If you use C++, you may want to have a look at this:
inotify C++ interface

Ruby Version



require "rb-inotify"

DIR_TO_WATCH = "/tmp/notify-dir"

notifier = INotify::Notifier.new

notifier.watch(DIR_TO_WATCH, :create, :delete) do |event|
  puts "Create event for: #{event.name}" if event.flags.include?(:create)
  puts "Delete event for: #{event.name}" if event.flags.include?(:delete)
end

notifier.run

This uses the rb-inotify Ruby library. In this example, Ruby 1.9 was used.
To keep the example short, the Ruby version only watches events for a given directory (when a file is created or deleted). That should be enough to show you how the library works.
If you watch only one event, you don’t need the if behind the puts.
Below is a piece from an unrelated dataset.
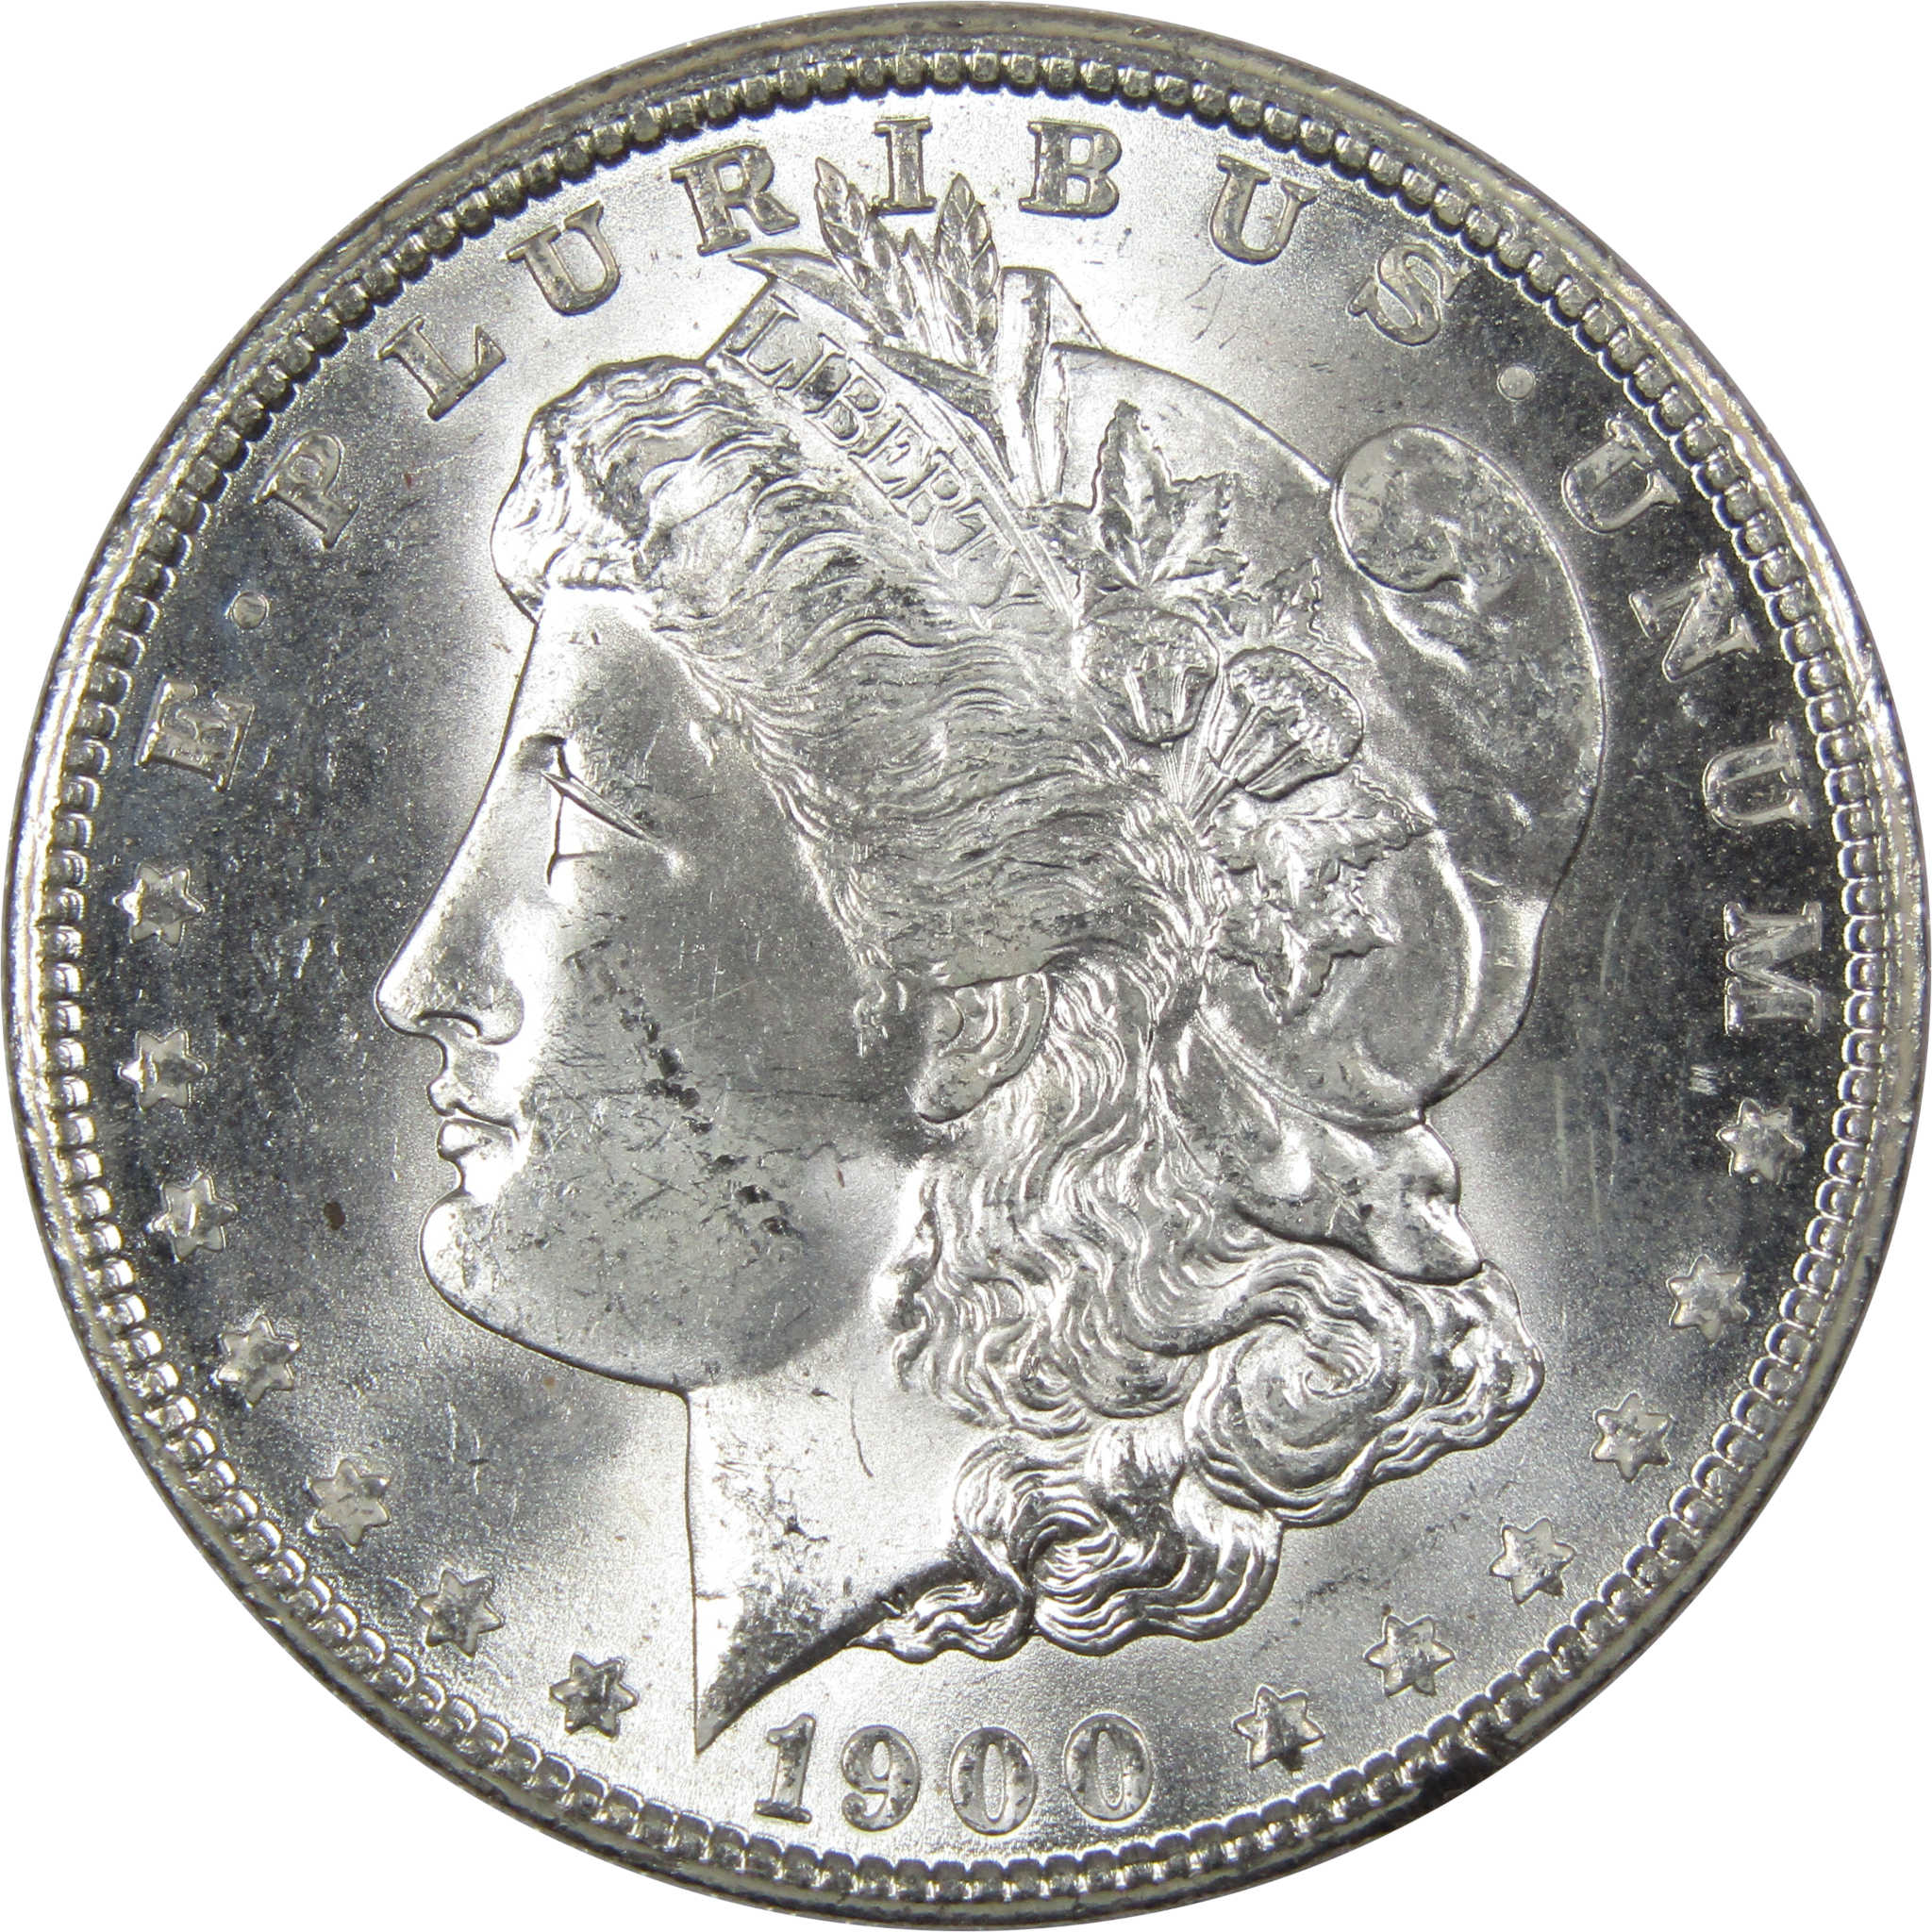 1900 O Morgan Dollar BU Uncirculated Mint State 90% Silver SKU:IPC9753 - Morgan coin - Morgan silver dollar - Morgan silver dollar for sale - Profile Coins &amp; Collectibles

I added this because I watch for several events but wanted different output for each event.
In order to watch for file events like in the C version, do the same thing for a file and use different events.
More information about the Ruby rb-inotify library can be found here:
http://rdoc.info/projects/nex3/rb-inotify

Python


import pyinotify

DIR_TO_WATCH="/tmp/notify-dir"
FILE_TO_WATCH="/tmp/notify-dir/notify-file.txt"
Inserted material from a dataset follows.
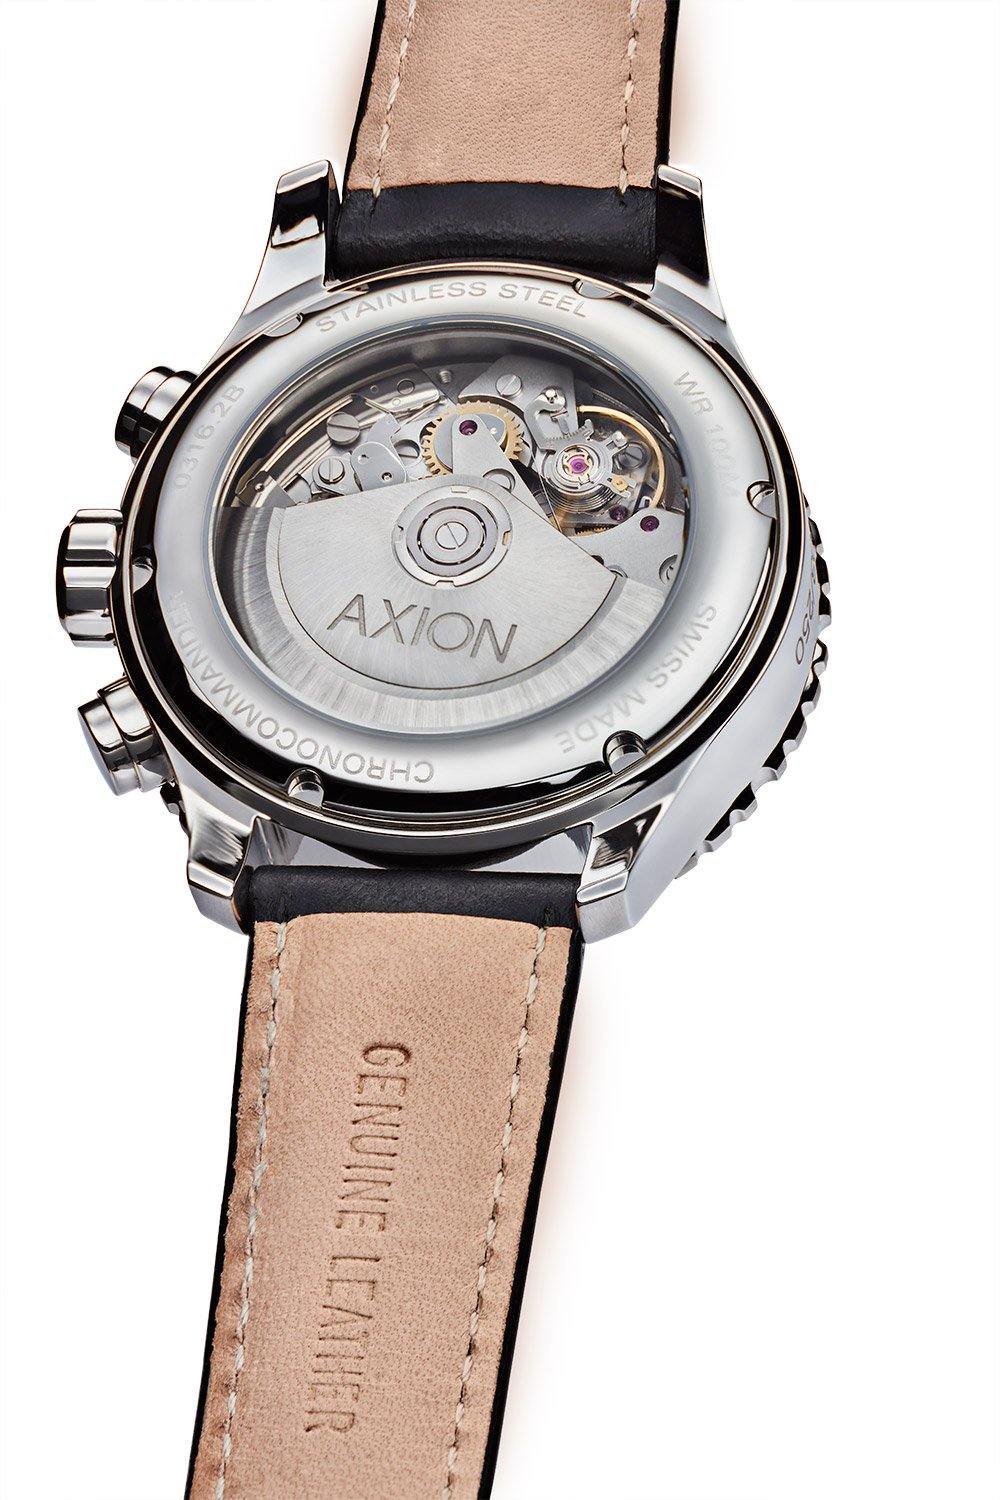 CHRONO COMMANDER WHITE CHRONOGRAPH - Axion Watch

wm = pyinotify.WatchManager()

dir_events = pyinotify.IN_DELETE | pyinotify.IN_CREATE 
file_events = pyinotify.IN_OPEN | pyinotify.IN_CLOSE_WRITE | pyinotify.IN_CLOSE_NOWRITE 

class EventHandler(pyinotify.ProcessEvent):
    def process_IN_DELETE(self, event):
        print("File %s was deleted" % event.pathname) #python 3 style print function
    def process_IN_CREATE(self, event):
        print("File %s was created" % event.pathname)
    def process_IN_OPEN(self, event):
        print("File %s was opened" % event.pathname)
    def process_IN_CLOSE_WRITE(self, event):
        print("File %s was closed after writing" % event.pathname)
    def process_IN_CLOSE_NOWRITE(self, event):
        print("File %s was closed after reading" % event.pathname)

event_handler = EventHandler()
notifier = pyinotify.Notifier(wm, event_handler)
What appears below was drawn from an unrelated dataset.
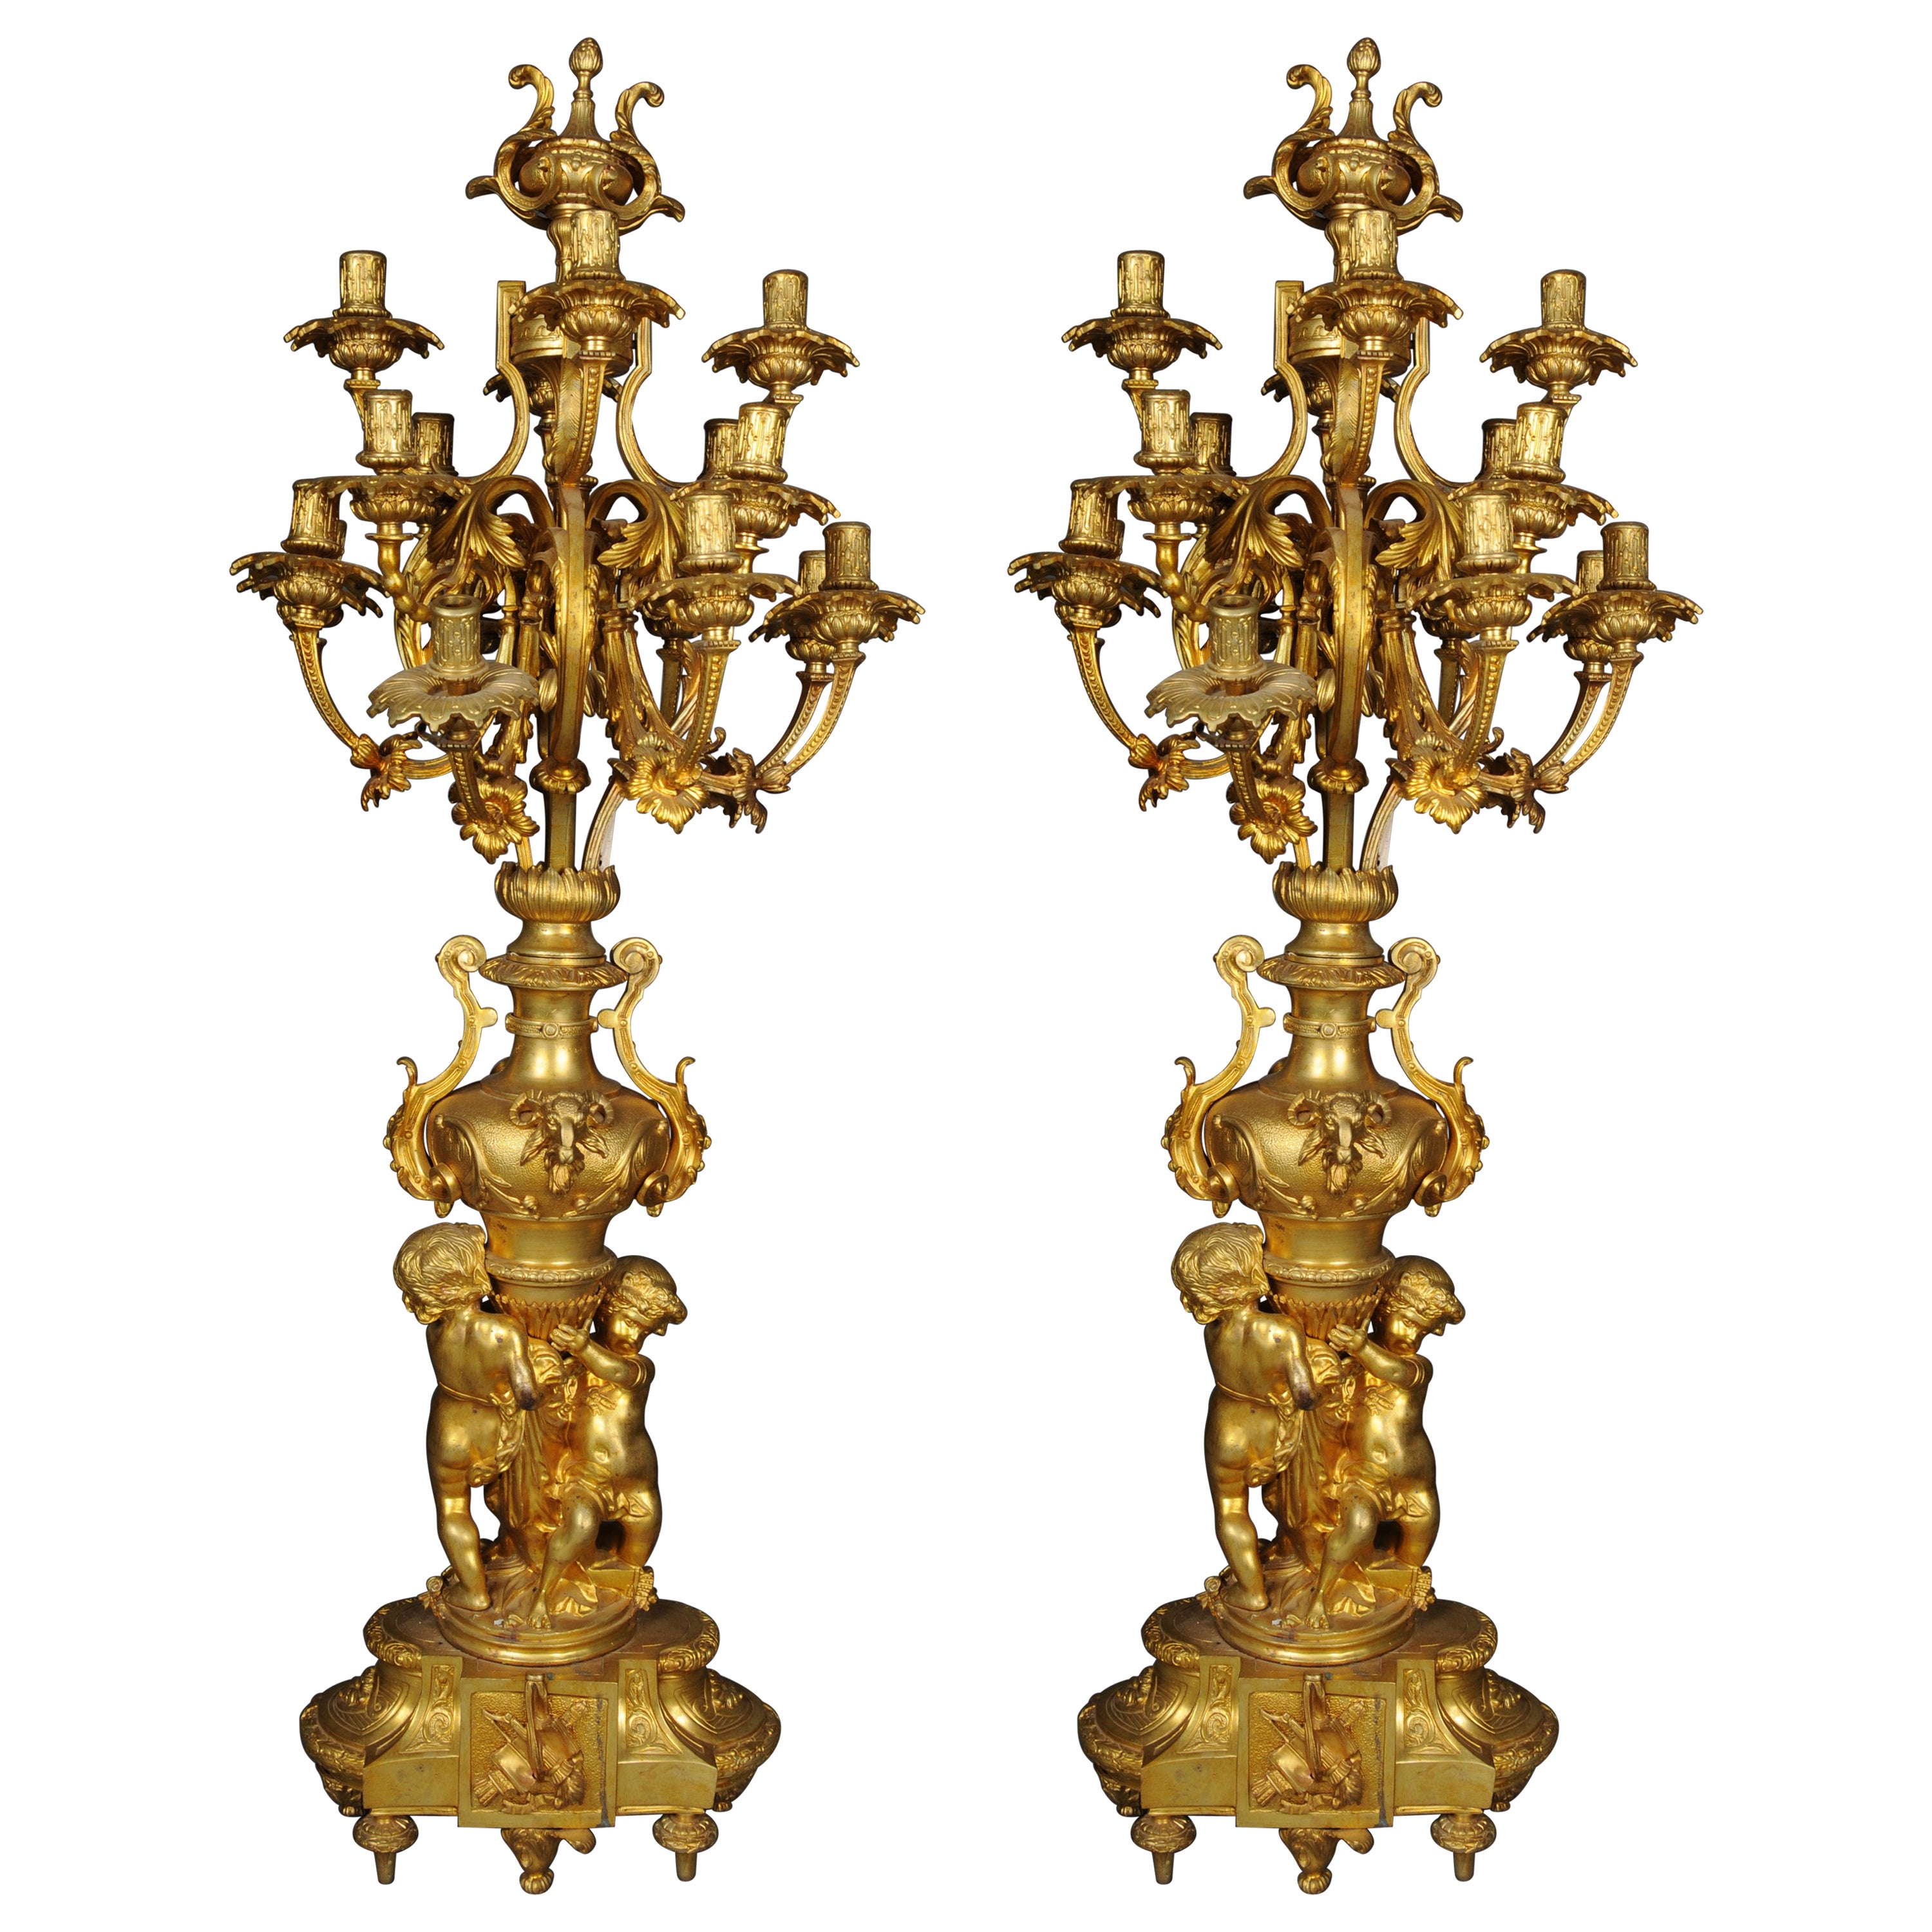 Pair (2) monumental royal candlesticks, gilded bronze, Louis XVI

wm.add_watch(DIR_TO_WATCH, dir_events)
wm.add_watch(FILE_TO_WATCH, file_events)

notifier.loop()

The Python example used Python 3 (version 3.2 in my machine) as you can see by the way print is used (as a function).
In the Python example I used different handlers for IN_CLOSE_WRITE (used after a file was closed after writing something to it) and IN_CLOSE_NOWRITE (used after a file was closed after just reading the content).
You could write only one callback method process_IN_CLOSE to handle both events, but I wanted different output messages. And sometimes it is better to write a little more code to make it cleaer.

The pynotify module is available for both Python 2 and Python 3 and is very easy to use. More information can be found here:
https://github.com/seb-m/pyinotify/wiki

Conclusion

As you can see, listening to different file system events on Linux is not difficult using C, C++, Python or Ruby. The inotify mechanism is also available for other languages (for example, see here for a Haskell Version).

I prefer to use the Ruby or Python version over the C version as the source code is considerably shorter and easier to understand (as it is often the case with shorter code).
Of course it depends on your project. If you use C for your project, you have to go with the C version. If you just need a short script, for example for monitoring, I recommend going with the Ruby or Python solution (or a Perl implementation)

These examples only show some basic functionality of the inotify mechanism. For example, the Python version has different notifiers, for example a ThreadedNotifier. For more details, check the man pages and the documentation listed above. I hope this example serves as a starting point for your own programs.

Those modules and libraries are specific to Linux and won’t work on other operating systems. If you are a Java developer, you can use inotify-java, but this won’t be platform independent (which is often a goal for Java software).
In an upcoming posting, I will show you how to use the latest features of Java 7 to monitor file system events.